**GOAL OF THE EXERCISE**
Scan the data, and whenever a line contains "Gold", copy it.

**DATA RECORDS**
........
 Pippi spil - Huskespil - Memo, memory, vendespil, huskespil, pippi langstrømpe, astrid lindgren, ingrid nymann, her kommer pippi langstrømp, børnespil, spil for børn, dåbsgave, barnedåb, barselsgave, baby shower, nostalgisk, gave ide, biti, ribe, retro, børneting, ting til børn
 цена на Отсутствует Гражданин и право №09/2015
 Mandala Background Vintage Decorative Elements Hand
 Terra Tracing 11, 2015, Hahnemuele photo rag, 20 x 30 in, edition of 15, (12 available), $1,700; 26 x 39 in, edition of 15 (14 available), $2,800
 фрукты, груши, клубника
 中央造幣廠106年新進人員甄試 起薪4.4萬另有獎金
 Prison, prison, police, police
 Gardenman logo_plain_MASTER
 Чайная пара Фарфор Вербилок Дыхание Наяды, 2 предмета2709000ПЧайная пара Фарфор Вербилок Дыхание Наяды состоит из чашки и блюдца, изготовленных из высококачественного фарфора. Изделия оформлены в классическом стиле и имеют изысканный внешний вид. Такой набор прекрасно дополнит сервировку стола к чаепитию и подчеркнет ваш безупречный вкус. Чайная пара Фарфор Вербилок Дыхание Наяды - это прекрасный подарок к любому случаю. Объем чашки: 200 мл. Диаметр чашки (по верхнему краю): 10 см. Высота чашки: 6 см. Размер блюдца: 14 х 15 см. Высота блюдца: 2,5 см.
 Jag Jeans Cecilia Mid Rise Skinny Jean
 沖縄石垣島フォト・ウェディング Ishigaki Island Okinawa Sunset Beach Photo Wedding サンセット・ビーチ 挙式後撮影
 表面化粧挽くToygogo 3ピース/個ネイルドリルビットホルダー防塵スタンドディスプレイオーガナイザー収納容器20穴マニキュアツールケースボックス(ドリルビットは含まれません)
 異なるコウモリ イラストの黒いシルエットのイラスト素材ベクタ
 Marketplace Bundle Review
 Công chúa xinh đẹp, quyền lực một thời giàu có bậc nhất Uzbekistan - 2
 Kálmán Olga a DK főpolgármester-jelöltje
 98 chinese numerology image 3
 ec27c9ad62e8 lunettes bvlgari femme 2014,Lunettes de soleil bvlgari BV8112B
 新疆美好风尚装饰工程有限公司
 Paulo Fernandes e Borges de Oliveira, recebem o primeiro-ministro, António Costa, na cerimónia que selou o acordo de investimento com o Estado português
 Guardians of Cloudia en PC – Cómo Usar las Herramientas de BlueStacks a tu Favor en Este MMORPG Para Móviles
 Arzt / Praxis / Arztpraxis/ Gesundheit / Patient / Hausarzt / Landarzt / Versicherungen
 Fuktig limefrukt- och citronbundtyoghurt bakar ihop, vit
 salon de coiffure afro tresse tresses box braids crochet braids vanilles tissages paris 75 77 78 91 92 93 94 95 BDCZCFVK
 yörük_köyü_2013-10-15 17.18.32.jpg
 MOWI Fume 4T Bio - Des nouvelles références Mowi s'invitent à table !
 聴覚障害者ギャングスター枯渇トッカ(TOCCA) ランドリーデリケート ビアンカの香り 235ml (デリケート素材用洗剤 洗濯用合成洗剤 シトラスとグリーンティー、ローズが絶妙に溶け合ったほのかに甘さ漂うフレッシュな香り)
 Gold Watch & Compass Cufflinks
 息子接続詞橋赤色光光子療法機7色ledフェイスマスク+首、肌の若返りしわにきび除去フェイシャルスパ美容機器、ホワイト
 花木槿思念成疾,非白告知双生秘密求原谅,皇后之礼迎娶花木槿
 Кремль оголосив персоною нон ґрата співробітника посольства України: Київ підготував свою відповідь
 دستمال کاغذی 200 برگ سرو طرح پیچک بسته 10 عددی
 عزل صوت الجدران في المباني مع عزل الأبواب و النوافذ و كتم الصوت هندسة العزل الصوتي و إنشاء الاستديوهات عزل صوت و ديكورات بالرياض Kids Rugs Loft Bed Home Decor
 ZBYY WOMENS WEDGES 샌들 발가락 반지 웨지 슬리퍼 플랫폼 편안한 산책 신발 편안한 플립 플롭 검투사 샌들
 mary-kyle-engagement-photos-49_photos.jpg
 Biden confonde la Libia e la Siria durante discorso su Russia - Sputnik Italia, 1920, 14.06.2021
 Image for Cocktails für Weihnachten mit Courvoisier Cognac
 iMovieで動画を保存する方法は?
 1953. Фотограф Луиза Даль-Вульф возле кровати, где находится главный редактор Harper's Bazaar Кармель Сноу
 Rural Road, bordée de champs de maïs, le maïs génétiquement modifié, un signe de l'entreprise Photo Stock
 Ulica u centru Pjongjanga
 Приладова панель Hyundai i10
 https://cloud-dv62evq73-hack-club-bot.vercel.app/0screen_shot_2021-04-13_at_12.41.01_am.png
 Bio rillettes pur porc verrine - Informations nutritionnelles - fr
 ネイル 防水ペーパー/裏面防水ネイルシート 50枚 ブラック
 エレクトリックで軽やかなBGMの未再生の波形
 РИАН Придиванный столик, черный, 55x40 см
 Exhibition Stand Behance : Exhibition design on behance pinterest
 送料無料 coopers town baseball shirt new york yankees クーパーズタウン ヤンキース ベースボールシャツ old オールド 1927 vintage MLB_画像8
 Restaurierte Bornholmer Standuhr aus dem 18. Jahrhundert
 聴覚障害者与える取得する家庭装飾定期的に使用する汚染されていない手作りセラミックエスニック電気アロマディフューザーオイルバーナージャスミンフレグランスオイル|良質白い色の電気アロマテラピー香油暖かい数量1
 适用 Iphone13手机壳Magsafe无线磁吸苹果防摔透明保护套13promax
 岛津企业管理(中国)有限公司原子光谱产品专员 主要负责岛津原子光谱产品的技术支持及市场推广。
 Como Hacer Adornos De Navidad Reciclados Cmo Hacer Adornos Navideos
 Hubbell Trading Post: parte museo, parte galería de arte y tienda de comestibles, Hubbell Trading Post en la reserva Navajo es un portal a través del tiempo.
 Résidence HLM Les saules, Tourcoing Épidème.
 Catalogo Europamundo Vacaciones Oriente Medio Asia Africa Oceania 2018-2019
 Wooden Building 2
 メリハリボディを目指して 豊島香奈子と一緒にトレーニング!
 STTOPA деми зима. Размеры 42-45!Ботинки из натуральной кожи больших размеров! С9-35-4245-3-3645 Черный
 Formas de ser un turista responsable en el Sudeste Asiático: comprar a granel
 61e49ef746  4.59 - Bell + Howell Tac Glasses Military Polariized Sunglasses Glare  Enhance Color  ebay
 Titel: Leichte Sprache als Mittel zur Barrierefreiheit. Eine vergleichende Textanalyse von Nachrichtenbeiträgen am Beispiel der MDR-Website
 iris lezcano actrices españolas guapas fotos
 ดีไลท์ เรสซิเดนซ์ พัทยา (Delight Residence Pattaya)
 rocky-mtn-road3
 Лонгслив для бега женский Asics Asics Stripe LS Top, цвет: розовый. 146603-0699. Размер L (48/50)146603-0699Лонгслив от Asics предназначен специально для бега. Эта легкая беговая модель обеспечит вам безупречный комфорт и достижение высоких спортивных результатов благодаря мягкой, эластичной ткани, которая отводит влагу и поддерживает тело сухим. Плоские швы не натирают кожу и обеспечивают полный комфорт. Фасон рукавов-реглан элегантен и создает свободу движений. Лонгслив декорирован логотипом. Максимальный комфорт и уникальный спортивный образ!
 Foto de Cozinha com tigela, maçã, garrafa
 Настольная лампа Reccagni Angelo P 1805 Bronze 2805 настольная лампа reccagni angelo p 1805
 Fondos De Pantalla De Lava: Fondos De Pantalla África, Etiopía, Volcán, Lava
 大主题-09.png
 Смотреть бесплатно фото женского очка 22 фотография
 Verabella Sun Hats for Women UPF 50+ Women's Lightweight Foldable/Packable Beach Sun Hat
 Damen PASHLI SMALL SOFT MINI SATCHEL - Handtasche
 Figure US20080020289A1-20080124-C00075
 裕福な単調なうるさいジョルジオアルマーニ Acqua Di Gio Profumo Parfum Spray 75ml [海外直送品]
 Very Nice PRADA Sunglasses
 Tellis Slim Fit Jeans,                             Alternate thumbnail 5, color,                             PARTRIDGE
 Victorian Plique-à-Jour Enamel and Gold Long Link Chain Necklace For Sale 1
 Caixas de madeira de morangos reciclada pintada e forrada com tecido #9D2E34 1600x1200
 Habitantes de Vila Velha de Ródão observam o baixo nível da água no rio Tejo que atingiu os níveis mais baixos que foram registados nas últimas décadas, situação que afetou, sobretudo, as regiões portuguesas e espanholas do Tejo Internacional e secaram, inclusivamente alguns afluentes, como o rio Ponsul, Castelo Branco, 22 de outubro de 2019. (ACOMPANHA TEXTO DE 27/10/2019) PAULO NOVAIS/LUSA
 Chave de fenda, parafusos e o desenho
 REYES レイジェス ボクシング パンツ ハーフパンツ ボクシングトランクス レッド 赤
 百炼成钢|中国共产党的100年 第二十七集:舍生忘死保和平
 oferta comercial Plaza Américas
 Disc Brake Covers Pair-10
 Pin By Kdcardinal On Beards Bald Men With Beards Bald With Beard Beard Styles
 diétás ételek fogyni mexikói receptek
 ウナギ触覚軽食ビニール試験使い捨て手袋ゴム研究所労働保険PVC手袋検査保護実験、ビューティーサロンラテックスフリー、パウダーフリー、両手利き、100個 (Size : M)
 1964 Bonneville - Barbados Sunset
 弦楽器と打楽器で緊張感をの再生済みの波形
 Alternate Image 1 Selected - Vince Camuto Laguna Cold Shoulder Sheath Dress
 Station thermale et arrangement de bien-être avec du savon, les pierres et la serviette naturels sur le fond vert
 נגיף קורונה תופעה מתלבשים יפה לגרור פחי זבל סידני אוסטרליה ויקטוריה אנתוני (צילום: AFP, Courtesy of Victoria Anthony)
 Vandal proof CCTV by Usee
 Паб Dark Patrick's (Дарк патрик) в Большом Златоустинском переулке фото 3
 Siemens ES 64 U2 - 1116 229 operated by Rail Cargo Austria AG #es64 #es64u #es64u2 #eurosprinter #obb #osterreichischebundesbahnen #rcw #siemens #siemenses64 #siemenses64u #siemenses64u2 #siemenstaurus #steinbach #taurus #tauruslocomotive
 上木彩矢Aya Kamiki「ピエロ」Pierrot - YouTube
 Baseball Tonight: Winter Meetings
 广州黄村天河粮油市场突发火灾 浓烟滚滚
........
**WRITTEN REPLY**
 Gold Watch & Compass Cufflinks
 Victorian Plique-à-Jour Enamel and Gold Long Link Chain Necklace For Sale 1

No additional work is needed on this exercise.